Upper Class was recorded at TwinD1st Century Entertainment in West Ashley. The footprint of studio founder and engineer Twin can be heard throughout the EP.

The third track on Upper Class, “Heist,” is a fun and dark track that gives LayWills the chance to show off her word play and ability to change up her flow. “While you out there running miles/ I’ll be in here running business/ I’m that HBIC with that full drip I see,” she raps. 

LayWills uses the last song on the EP, “Reflections,” to show her range as a songwriter.

“I pulled up to the scene/ without a dollar, but a dream/ I only had a destination/ told my mama I would make it/ been having premonitions since ‘98/ about sitting amongst the greats with a plate/ in a seat that had my name on it.”

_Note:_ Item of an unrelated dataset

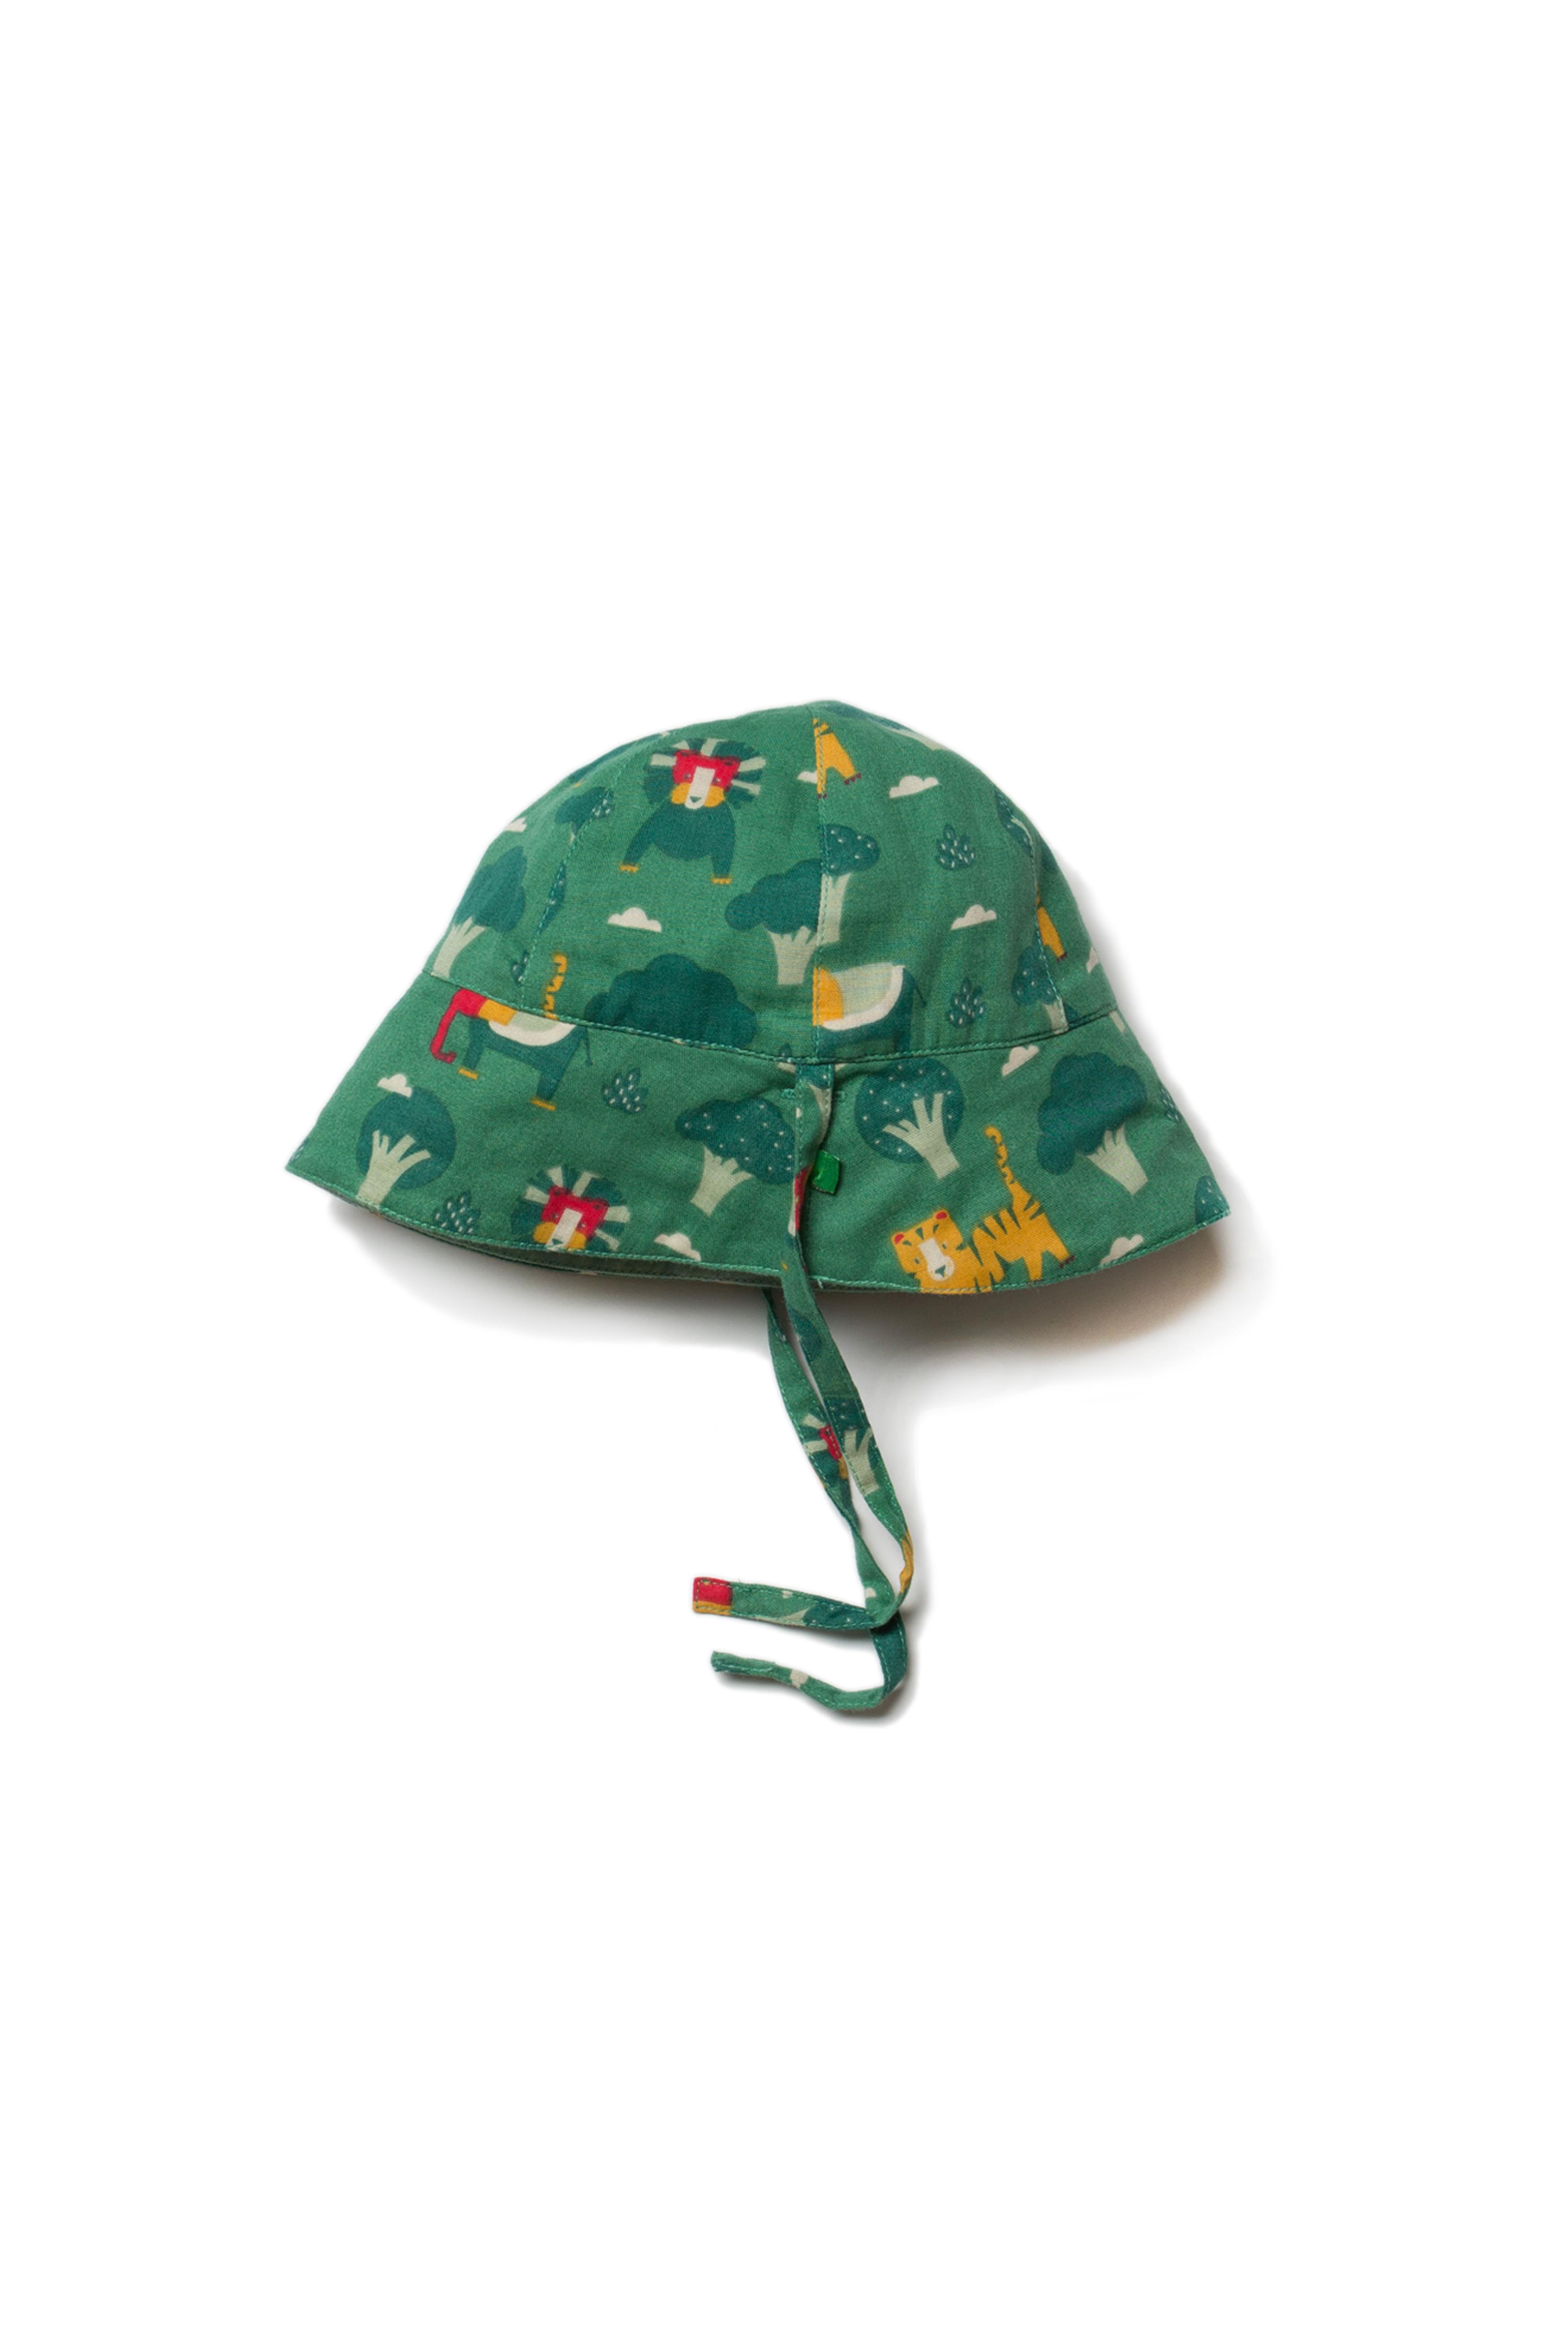 Little Green Radicals - jungle adventures reversible sun hat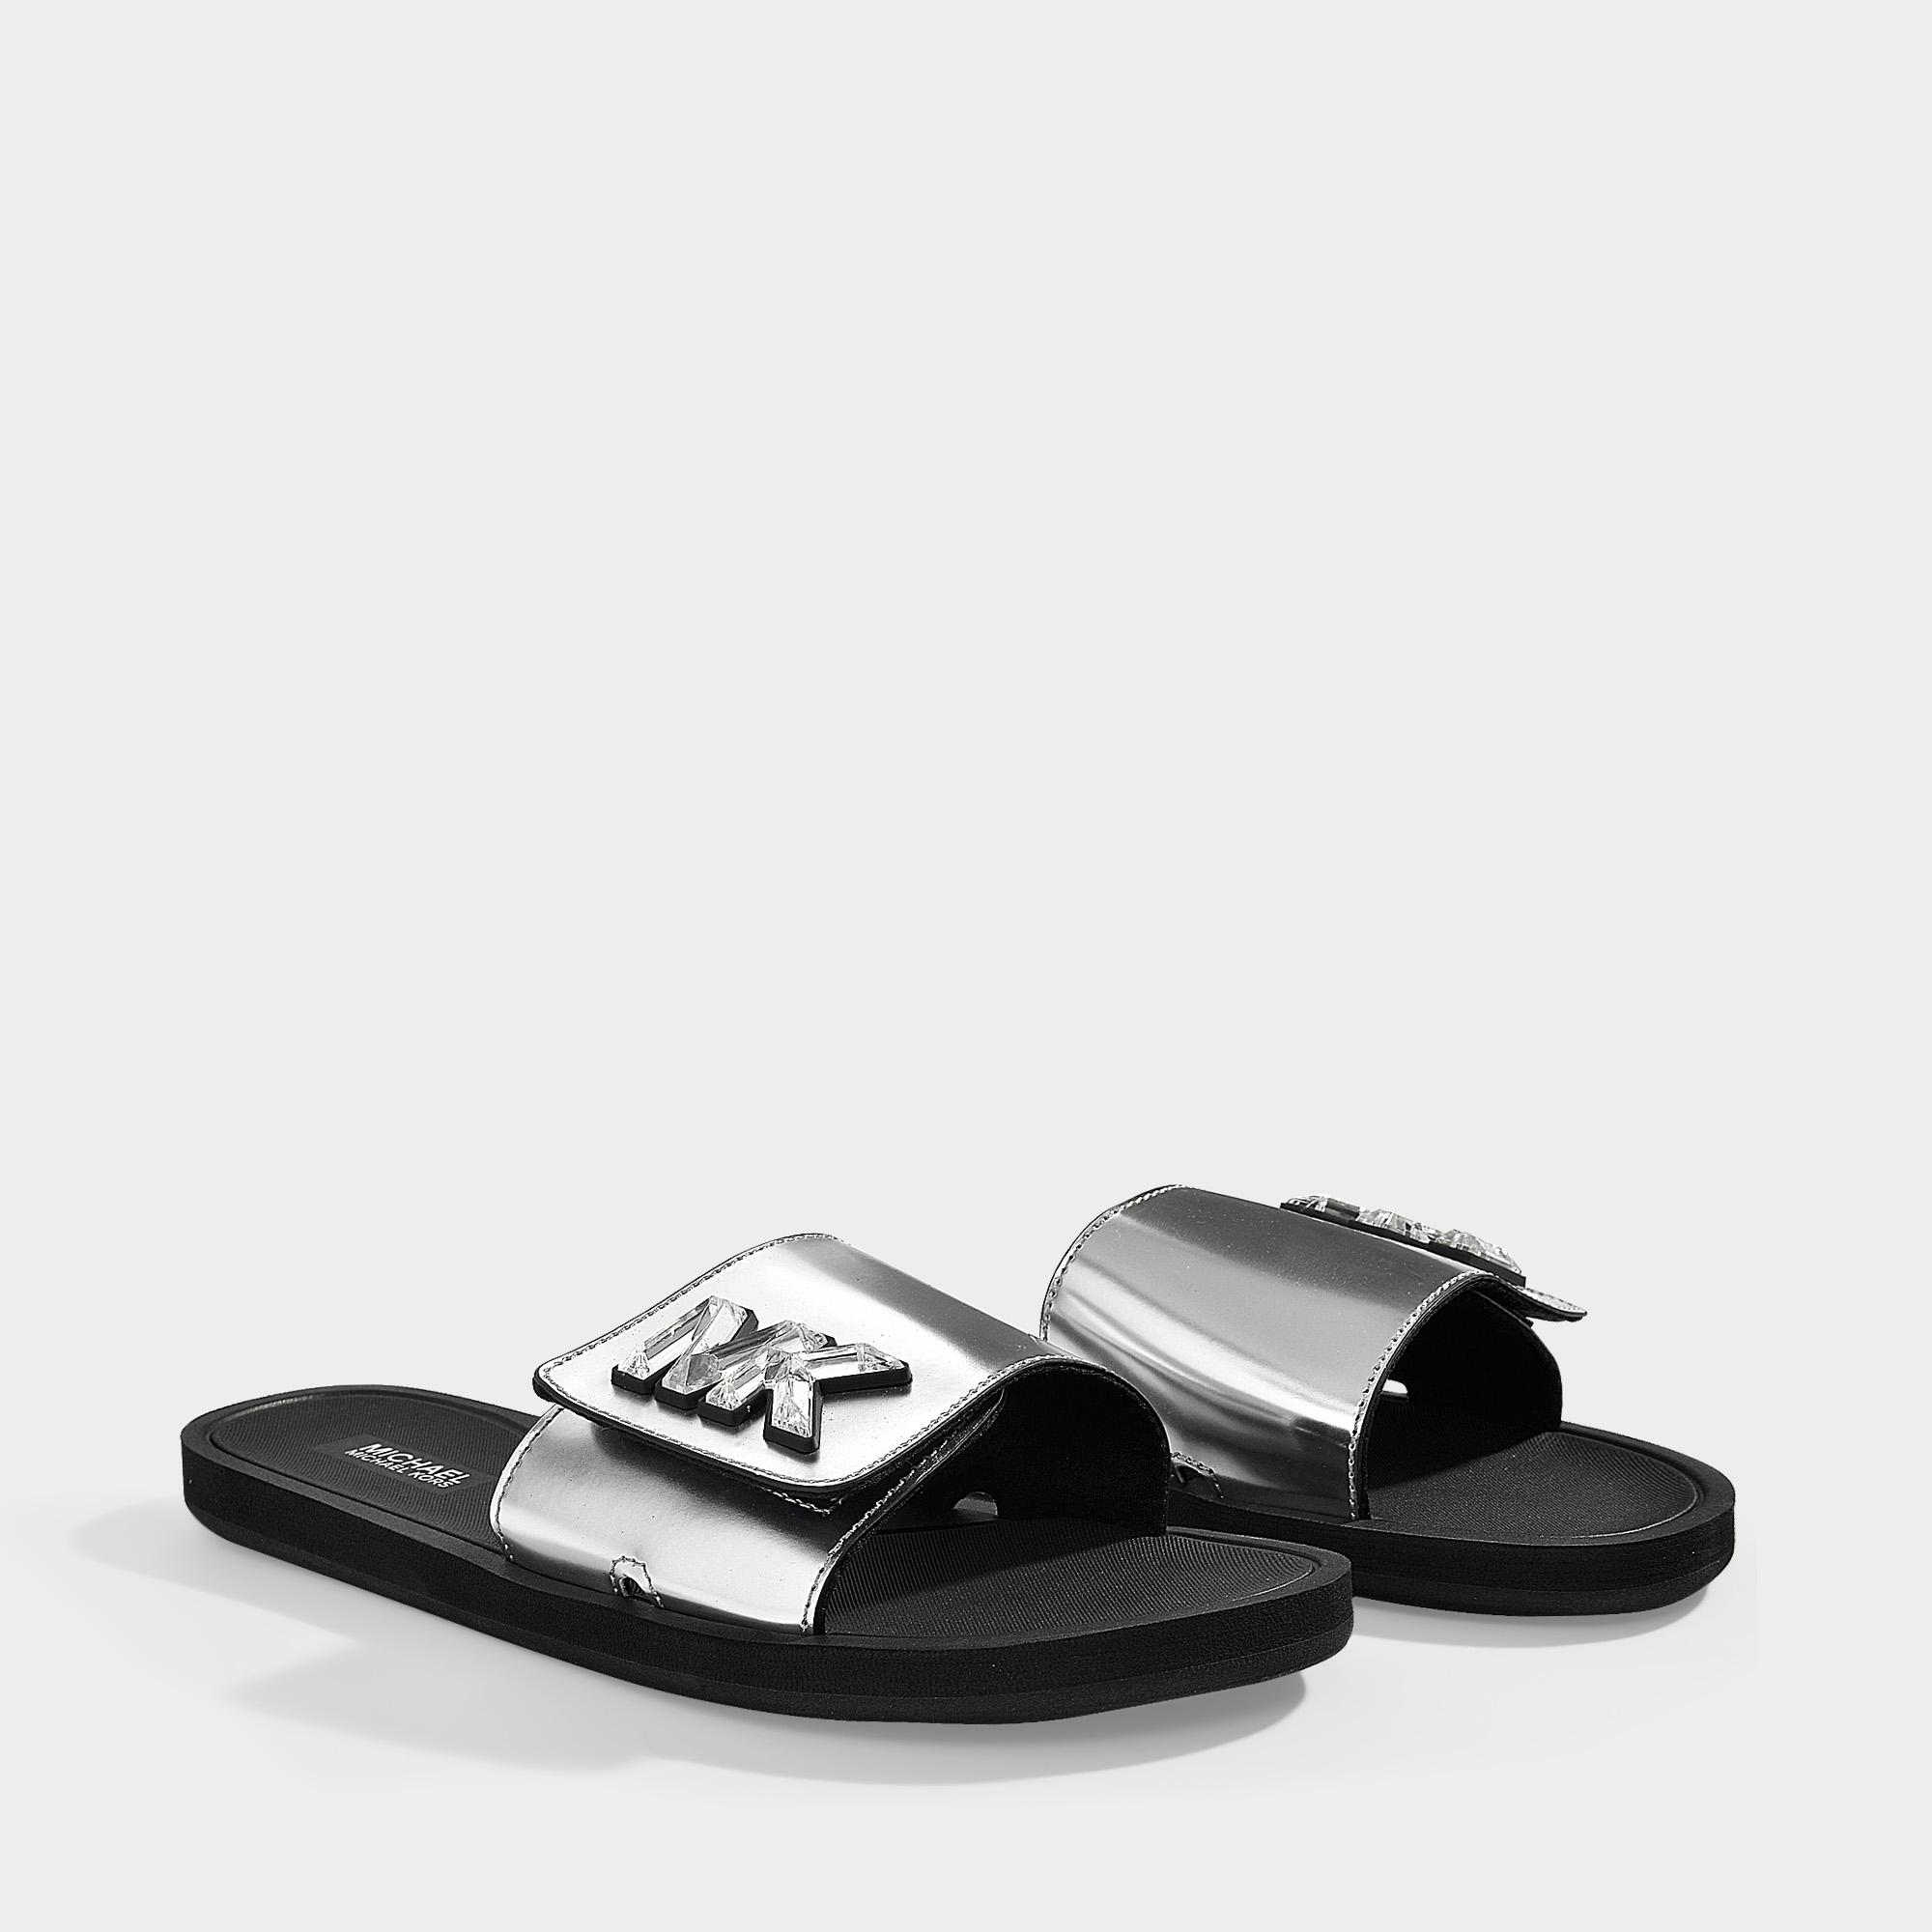 a055b9dd9c9b MICHAEL Michael Kors - Gray Mk Slides In Silver Mirror Metallic Material  And Crystals - Lyst. View fullscreen

The rapper has a pretty extensive background in acting, a passion that she said has influenced her music. “I feel like me as a rapper, I try to give a bunch of different sounds and that’s where my acting comes in because I try to create different characters within my music,” she said.

In fact, on her debut album she tried to include a song for every listener. “My goal with that EP, since it was the first piece of music I really put out into the public, was to showcase six songs, six completely different styles,” she said. “You had the song that was a chick bop, you had the song that was a love song, you had the song that was a club song, you had a call to action song.”

While LayWills continues this trend to an extent on Upper Class, she said that she strived for a “level-up vibe.”